Apple Intelligence isn’t “powered by OpenAI” at all. It’s not even based on it.
The only time OpenAI servers are contacted is when you ask Siri something it can’t compute with Apple Intelligence, but even then it clearly asks the user first if they want to send the request to ChatGPT.
Everything else regarding Apple Intelligence runs either on-device or on their “Private Cloud Compute” infrastructure, which apparently uses M2 Ultra chips. You then have to trust Apple that their claims regarding privacy are true, but you kind of do that when choosing an iPhone in the first place. There’s some pretty interesting tech behind this actually.
I appreciate the clarification! I definitely misinterpreted the reporting about this, and clearly didn’t dig deeply enough. This makes me feel a bit better about using the non-ChatGPT features.
There’s no way OpenAI is letting Apple use them for free. So where is the money coming from? AI is the hot new thing and expensive to operate so I imagine Apple is paying quite a lot. There needs to be a new form of income or this wouldn’t make sense from a business perspective. I image there is data harvesting from the AI service.
I’d actually be surprised if Apple pays anything to OpenAI at the moment. Obviously running some Siri requests through ChatGPT (after the user confirms that’s what they want to do) is quite expensive for OpenAI, but Apple Intelligence doesn’t touch OpenAI servers at all (just Siri has ChatGPT integration).

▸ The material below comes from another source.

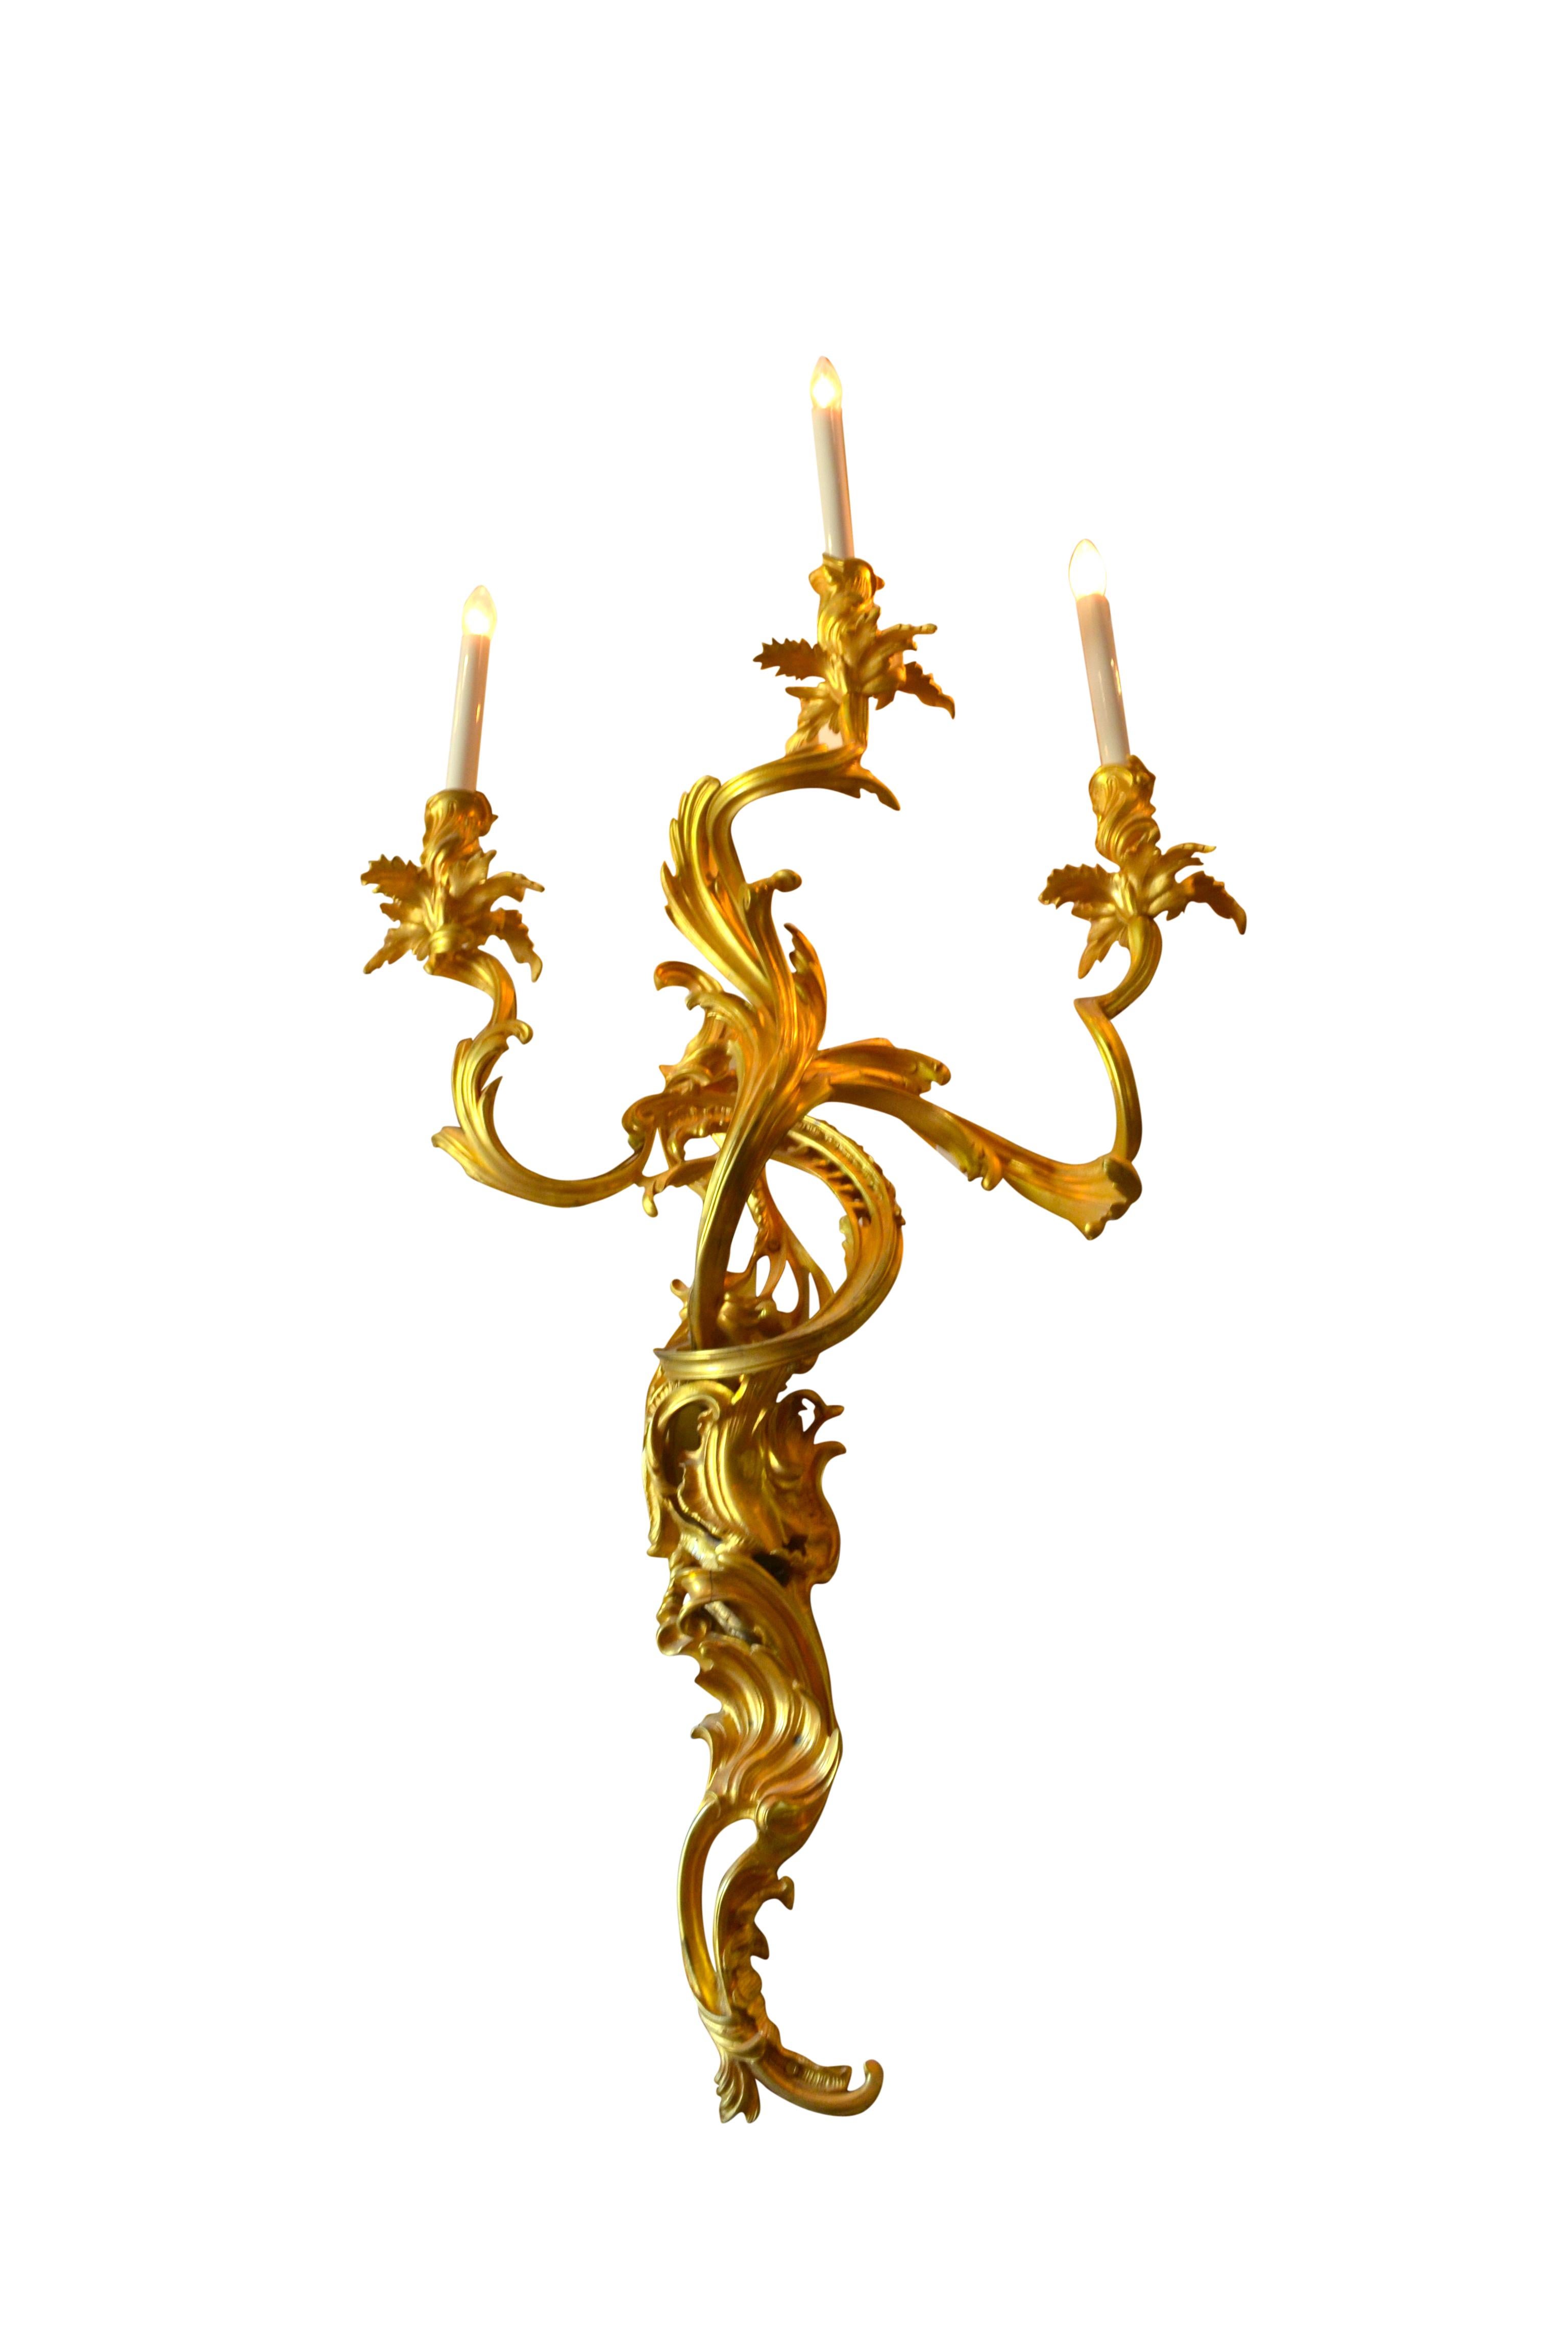 Pair of large Louis XV style gilt bronze wall sconces; French late 19th century, each with voluted backplate cast with foliate scrolls and palmettes, and with voluted intertwined foliate candle arms fitted with foliate drip pans and nozzles.
 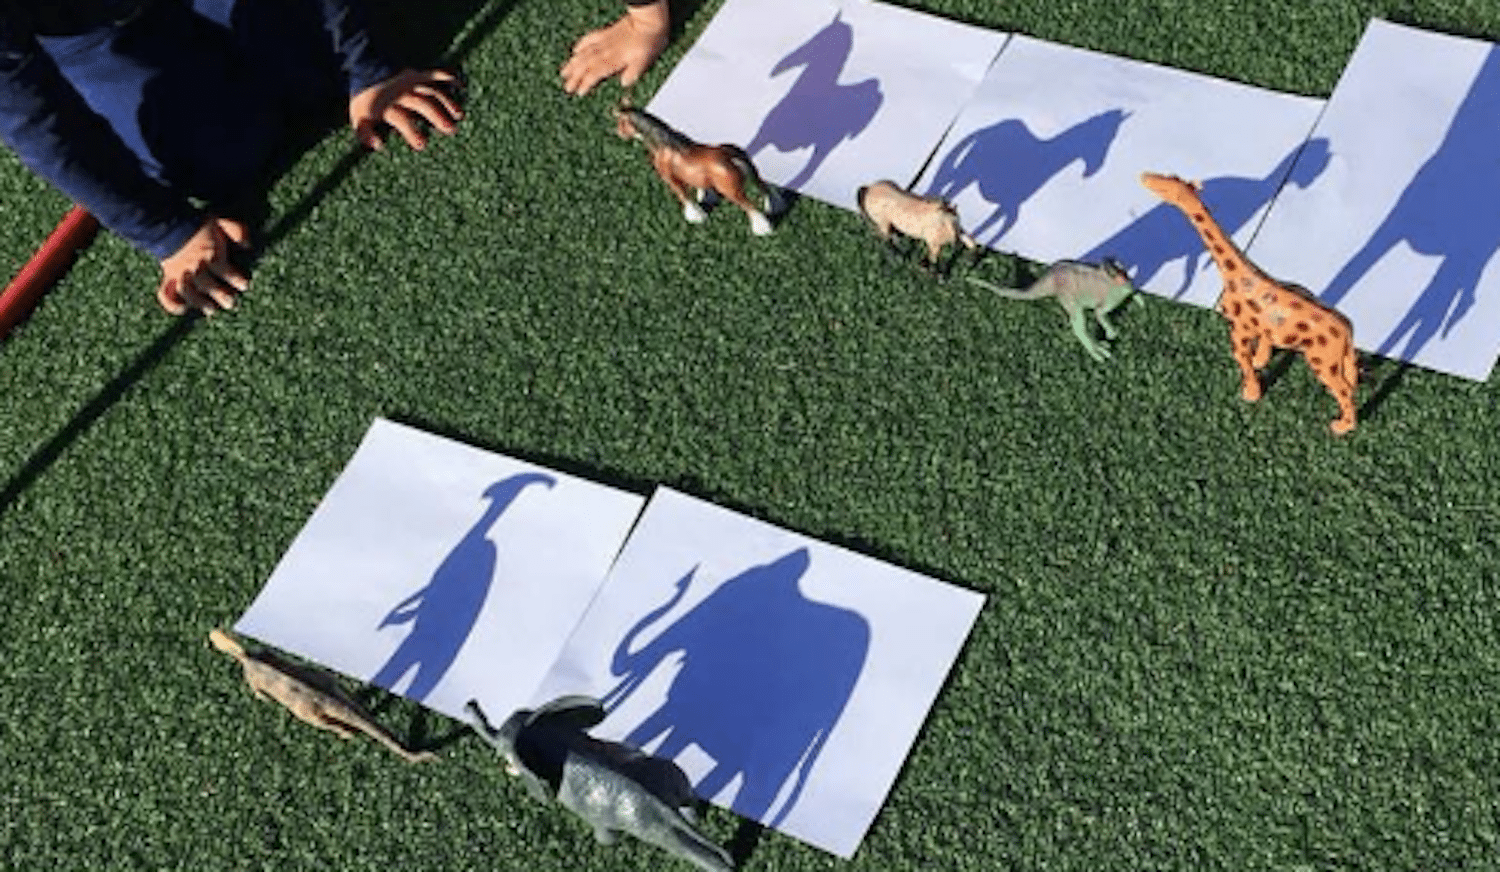 Try This Shadow Drawing Project With Your Kids - Simplemost

Even then, there’ll obviously still be a lot of requests, but the problem OpenAI has is that they aren’t really in a negotiating position. Google owns Android and so most phones default to Gemini, instantly giving them a huge advantage in marketshare. OpenAI doesn’t have its own platform, so Apple having the second largest install base of all smartphone operating systems is OpenAI’s best chance.
Apple might benefit from OpenAI but OpenAI needs Apple way more than the other way around. Apple Intelligence runs perfectly fine (I mean, as “perfectly fine” as it currently does) without OpenAI, the only functionality users would lose is the option to redirect “complex” Siri requests to ChatGPT.
In fact, I wouldn’t be surprised if OpenAI actually pays Apple for the integration, just like Google pays Apple a hefty sum to be the default search engine for Safari.
Yeah, you nailed it. The latest reporting on this says that Apple isn’t paying them yet, because they think OpenAI will get more benefit out of just having their product in everyone’s faces:
Apple isn’t paying OpenAI as part of the partnership, said the people, who asked not to be identified because the deal terms are private. Instead, Apple believes pushing OpenAI’s brand and technology to hundreds of millions of its devices is of equal or greater value than monetary payments, these people said. Source.
You can turn off (specifically) Message summaries in settings > Apps > messages > Summarize Messages
Well shit, thank you. I swear I searched for that setting before, but there it is!
iOS settings are like mirages I swear. Whoever designed the UI should be declared criminally insane
At least the Settings search and Siri integration are true power houses that help us overcome the app’s challenges
.
lol but wtf
Omg I really thought I was the only one. I can never find the setting I want. I think it’s one of those examples where Apple oversimplified to the point of confusion.